Choosing a comparison
| Two independent groups |
t.test(y ~ g) (Welch); Wilcoxon rank-sum |
prop.test / fisher.test |
| Paired / pre-post |
t.test(pre, post, paired = TRUE); Wilcoxon signed-rank |
McNemar |
| > 2 groups, continuous |
aov(y ~ g); Kruskal-Wallis |
chi-square |
Effect sizes
| Mean difference + 95% CI |
primary for continuous |
| Cohen’s d |
standardised mean difference |
| Hedges’ g |
small-sample correction of d |
| Risk ratio (RR) / odds ratio (OR) |
two proportions |
| Risk difference |
absolute, clinically intuitive |
effectsize::cohens_d(y ~ g)
Two proportions
prop.test(c(tA, tB), c(nA, nB)) # asymptotic
fisher.test(matrix(c(tA, nA - tA,
tB, nB - tB), 2)) # exact, small cells
Report RR (or OR) with 95% CI, not just the p-value.
Correlation
| Pearson |
linear association, continuous |
bivariate normal, no outliers |
| Spearman |
monotonic association |
rank-based, robust |
| Kendall |
concordant/discordant pairs |
robust, slow on large data |
cor.test(x, y, method = "spearman")
Non-parametric tests
| Wilcoxon rank-sum (Mann-Whitney) |
two-sample t |
| Wilcoxon signed-rank |
paired t |
| Kruskal-Wallis |
one-way ANOVA |
| Sign test |
paired t, when even ranks fail |
Power and sample size
pwr::pwr.t.test(d = 0.5, power = 0.80, sig.level = 0.05,
type = "two.sample")
| two-sample t |
pwr.t.test |
| two proportions |
pwr.2p.test, pwr.2p2n.test |
| correlation |
pwr.r.test |
| one-way ANOVA |
pwr.anova.test |
Simulation-based power for anything the textbooks skip: simr::powerSim.
Reporting with gtsummary
library(gtsummary)
trial |>
tbl_summary(by = arm, statistic = list(all_continuous() ~ "{mean} ({sd})")) |>
add_p() |>
add_overall()
Decision rule for Week 4
- Ask: one-group, two-group, paired, or many-group?
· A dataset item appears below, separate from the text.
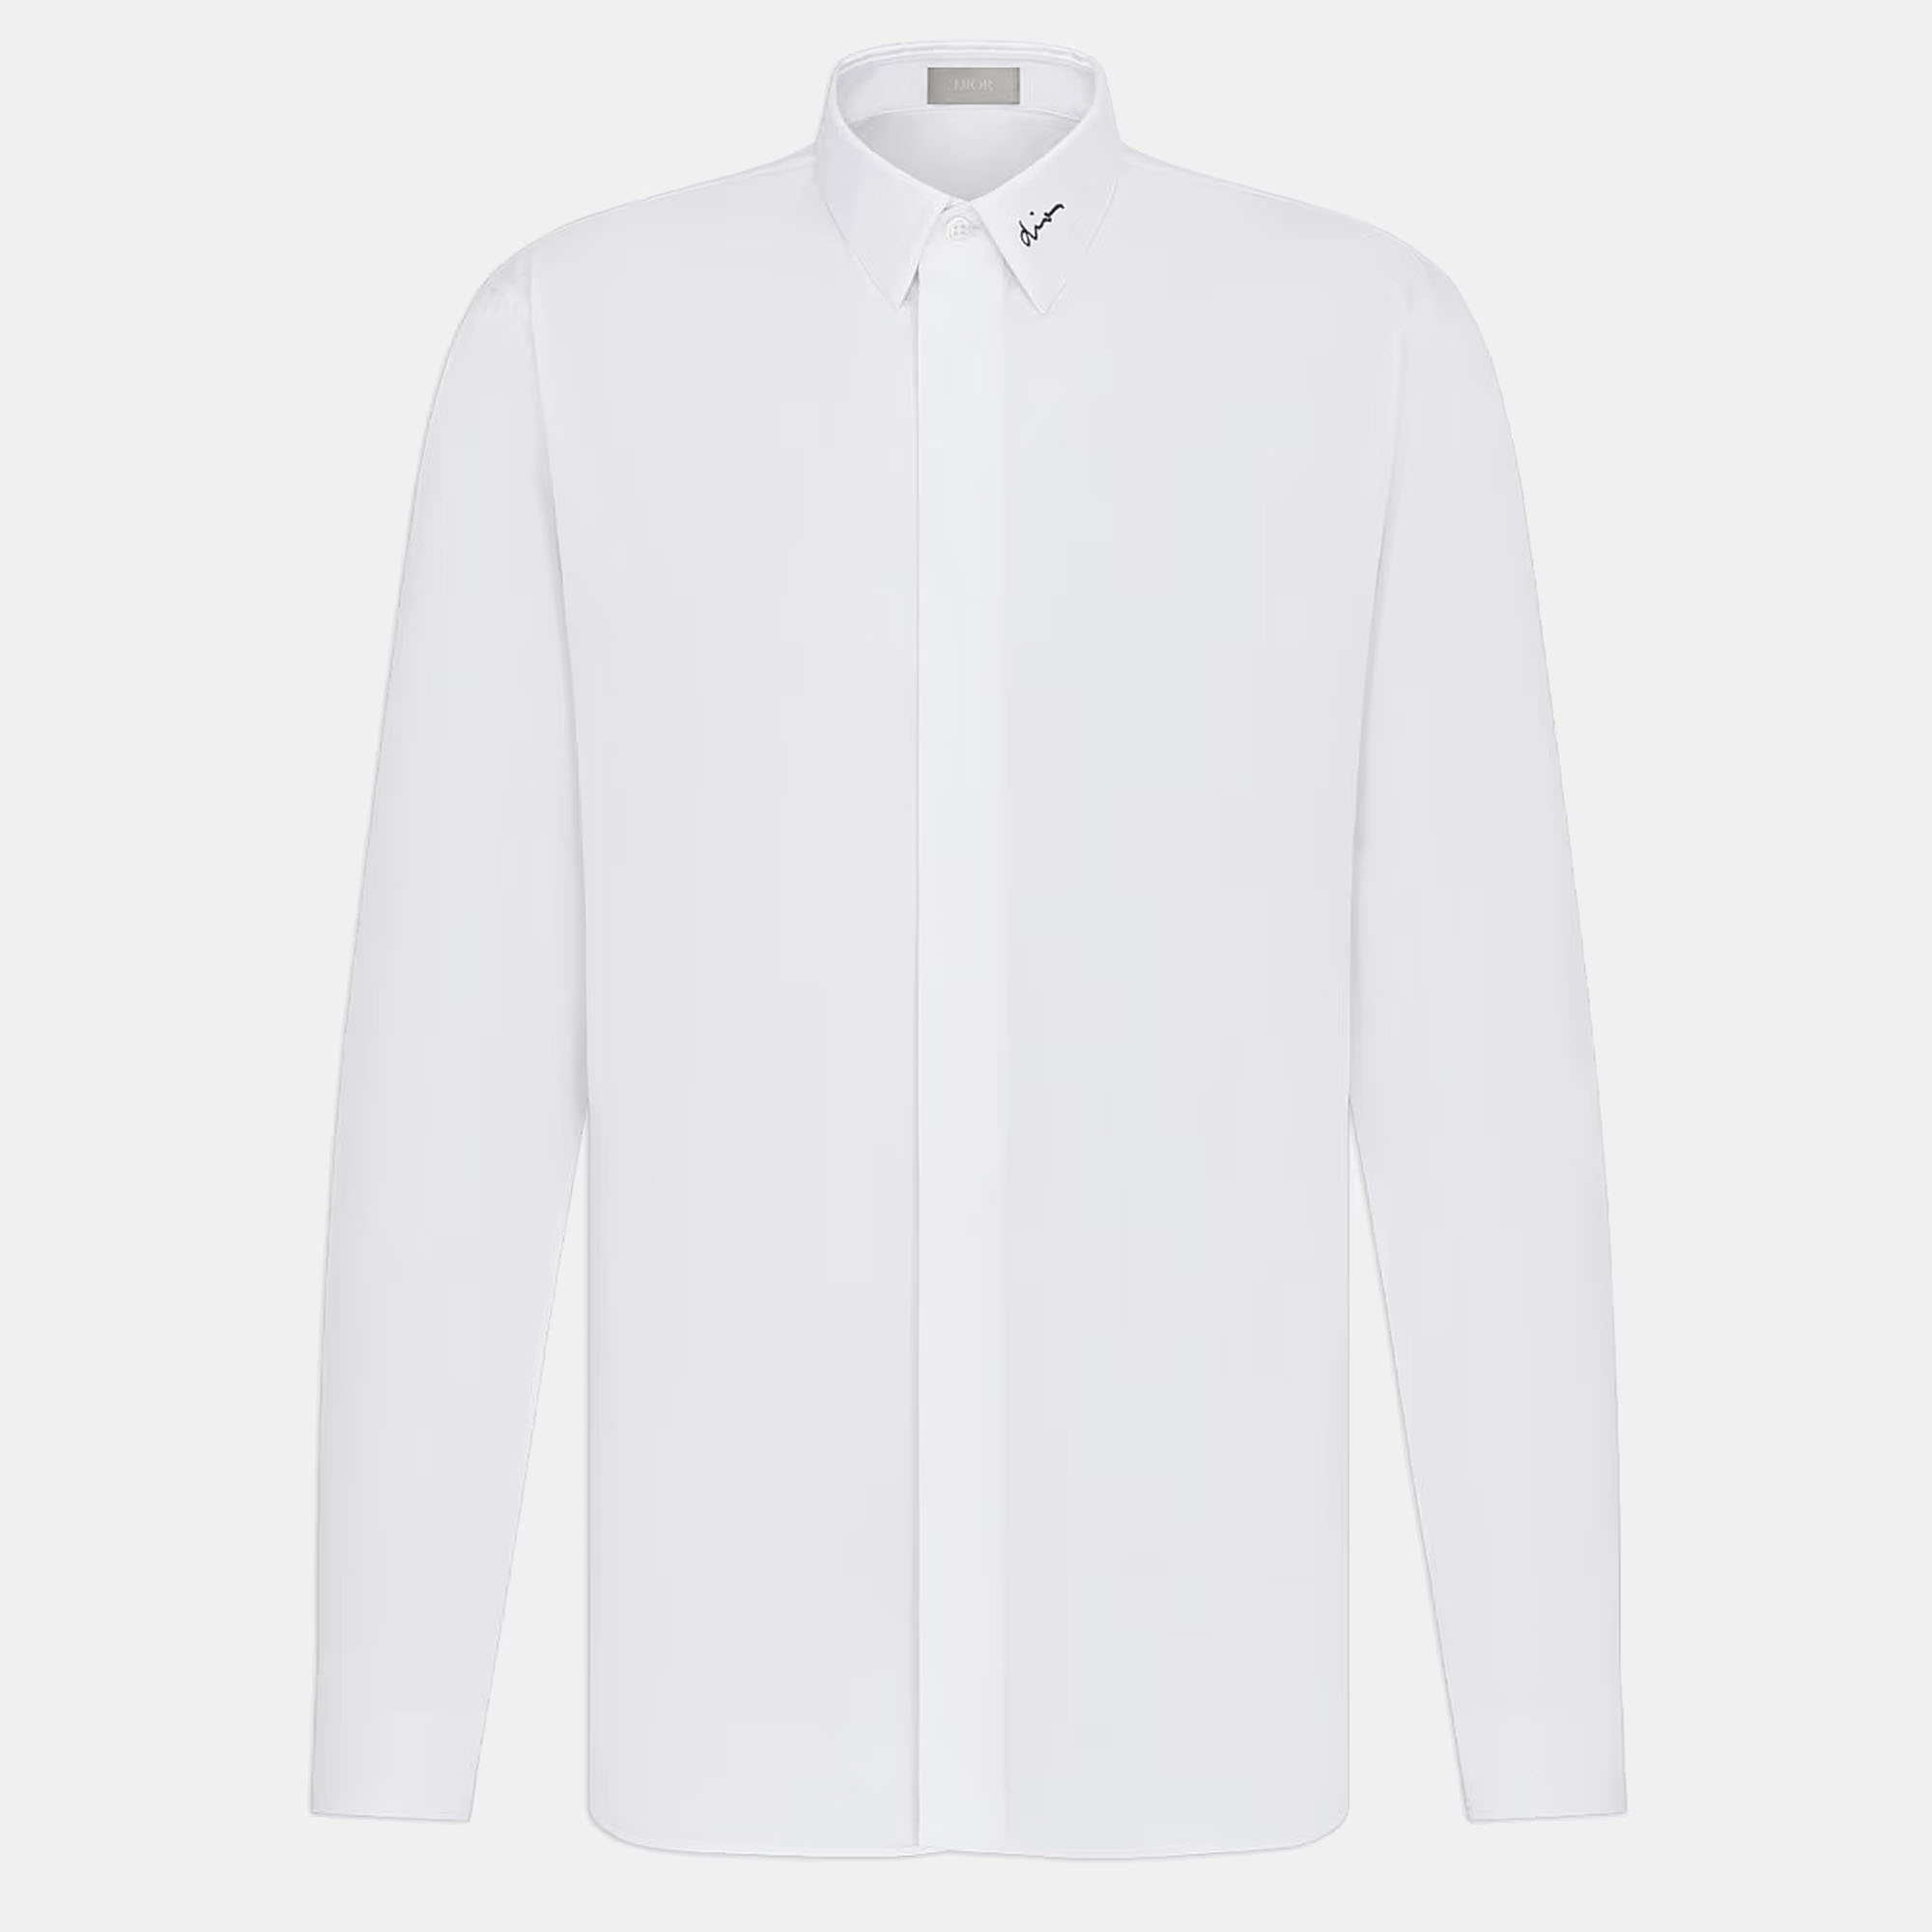 

Dior Homme White Poplin Long Sleeve Shirt S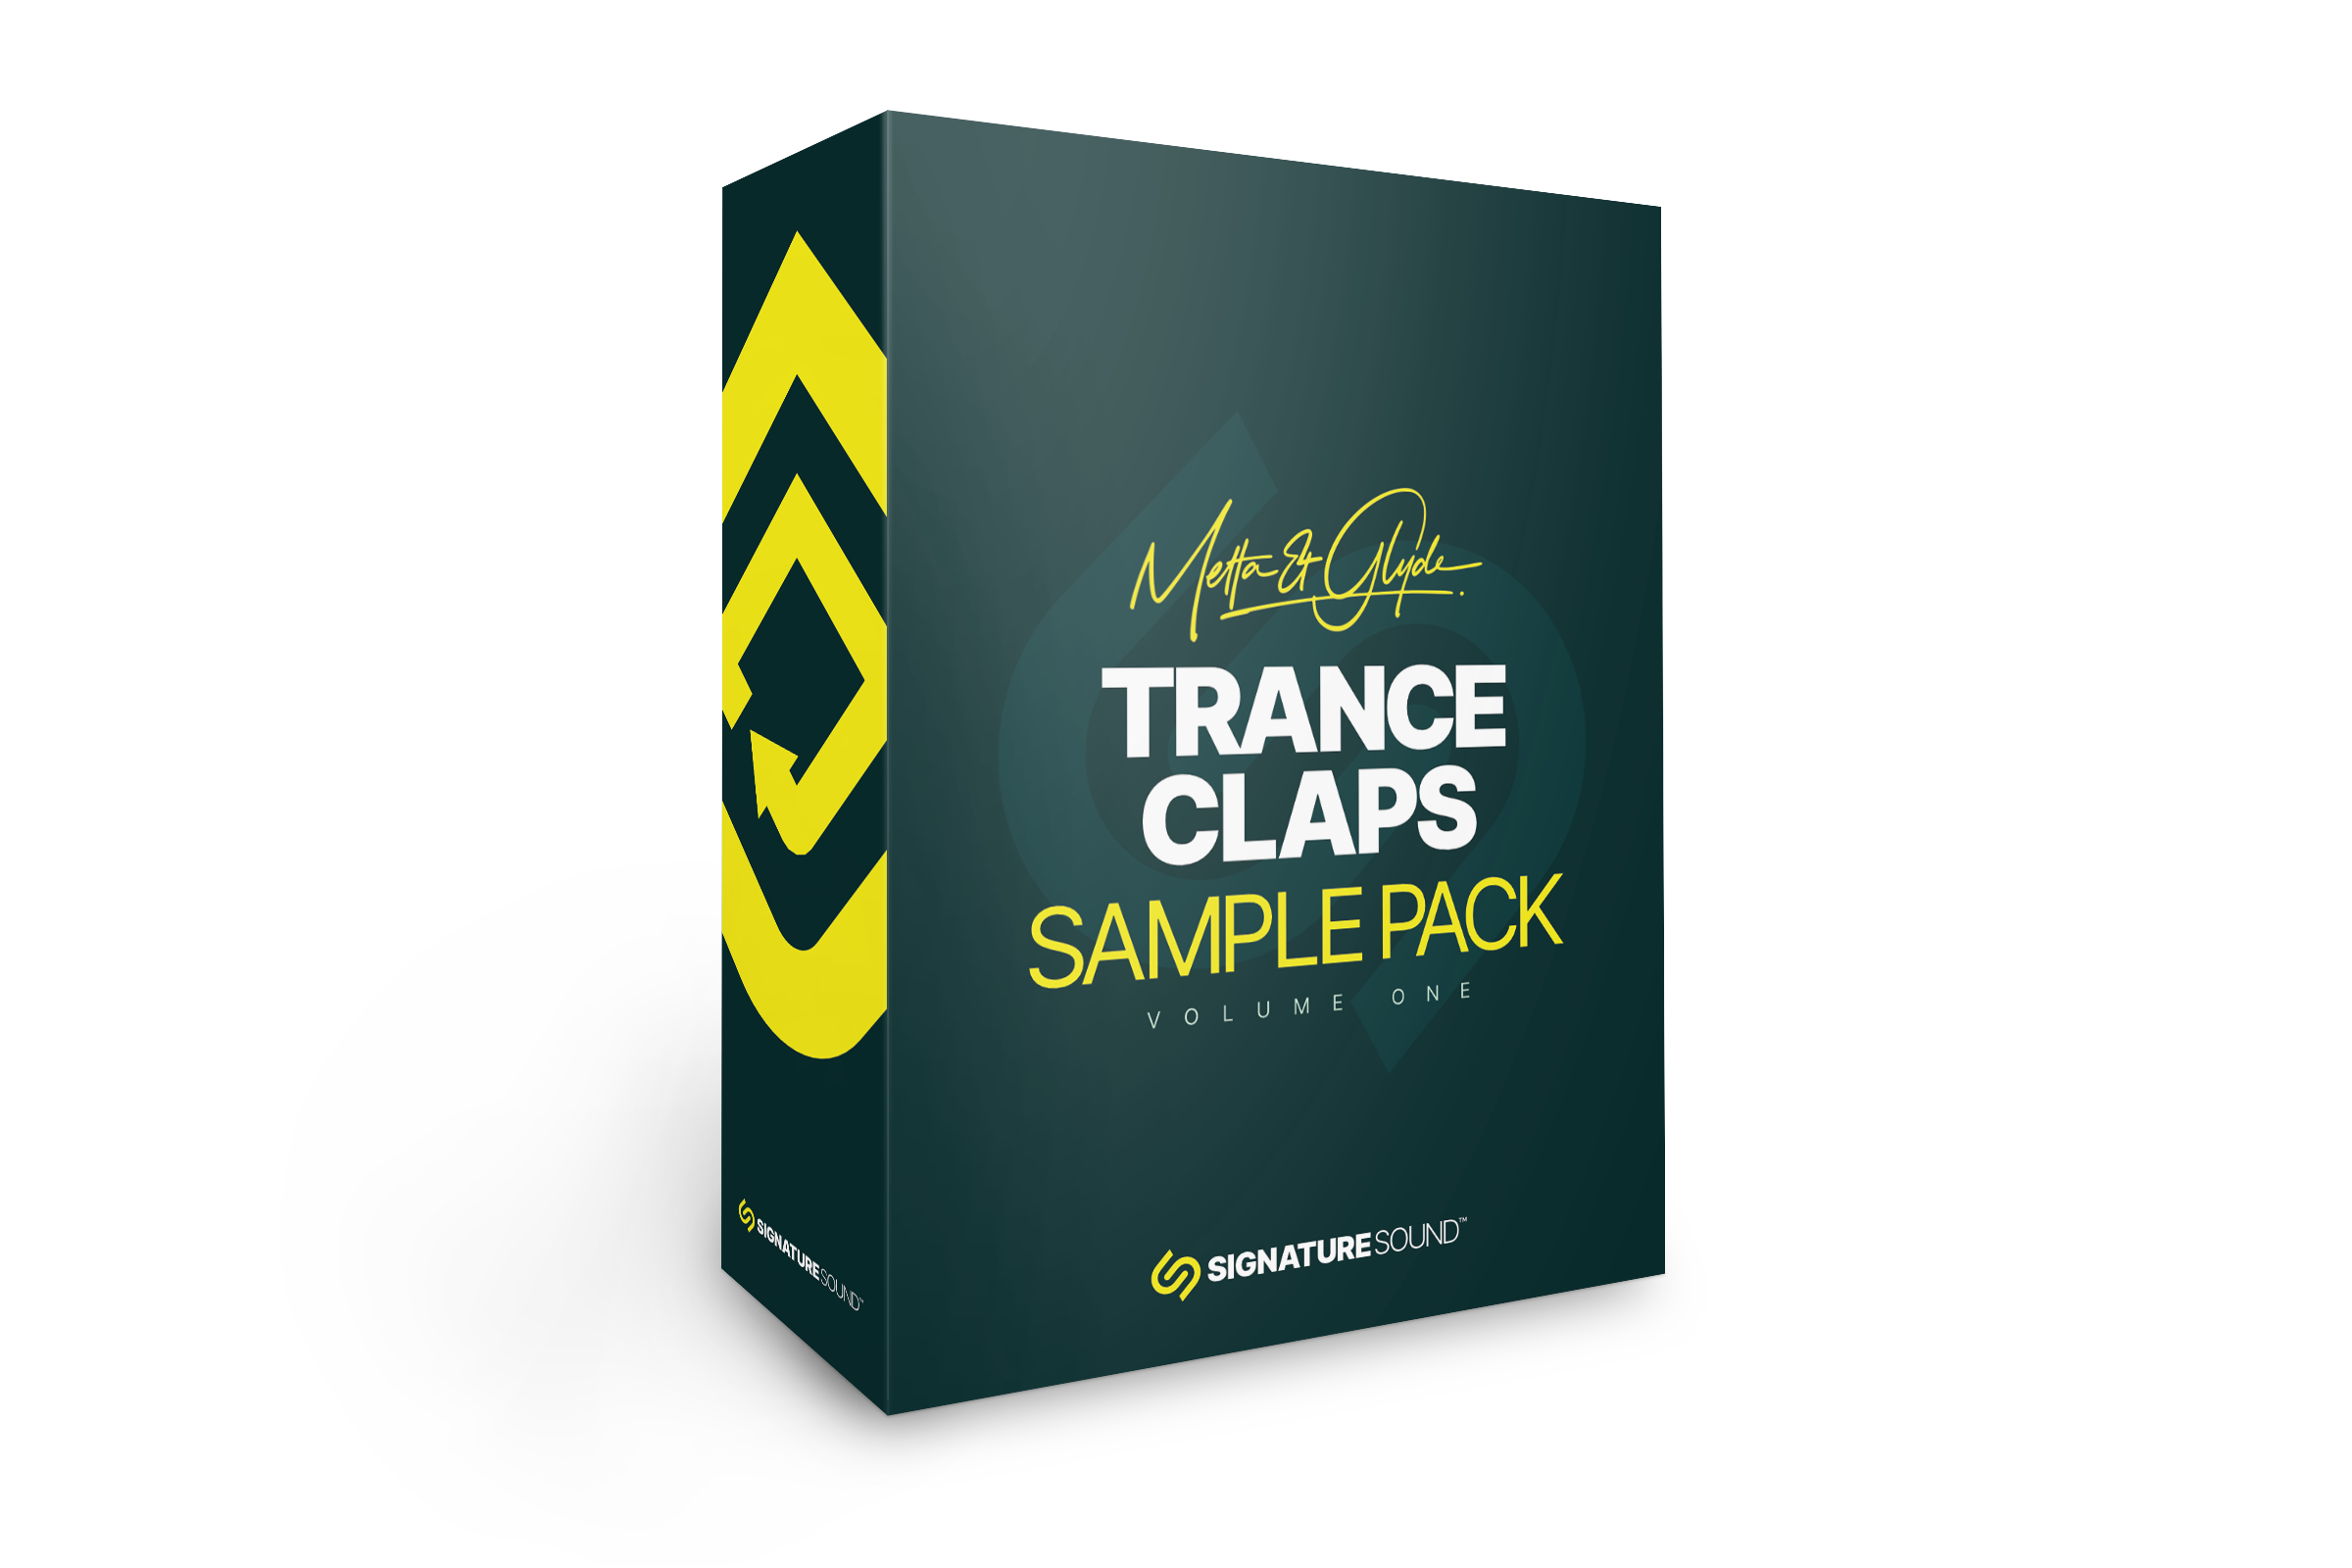 Metta & Glyde Trance Claps [Sample Pack] Volume One

- Check: normal-ish, or should I use a rank-based test?
- Report: point estimate + 95% CI + effect size; p-value last, not first.
Common pitfalls
- Equal-variance t-test (default in some languages) when variances differ.
- Reporting OR when the audience expects RR (or vice versa).
- Forgetting that the p-value of a paired test depends on the pairing.
- Chaining correlations until one is “significant”.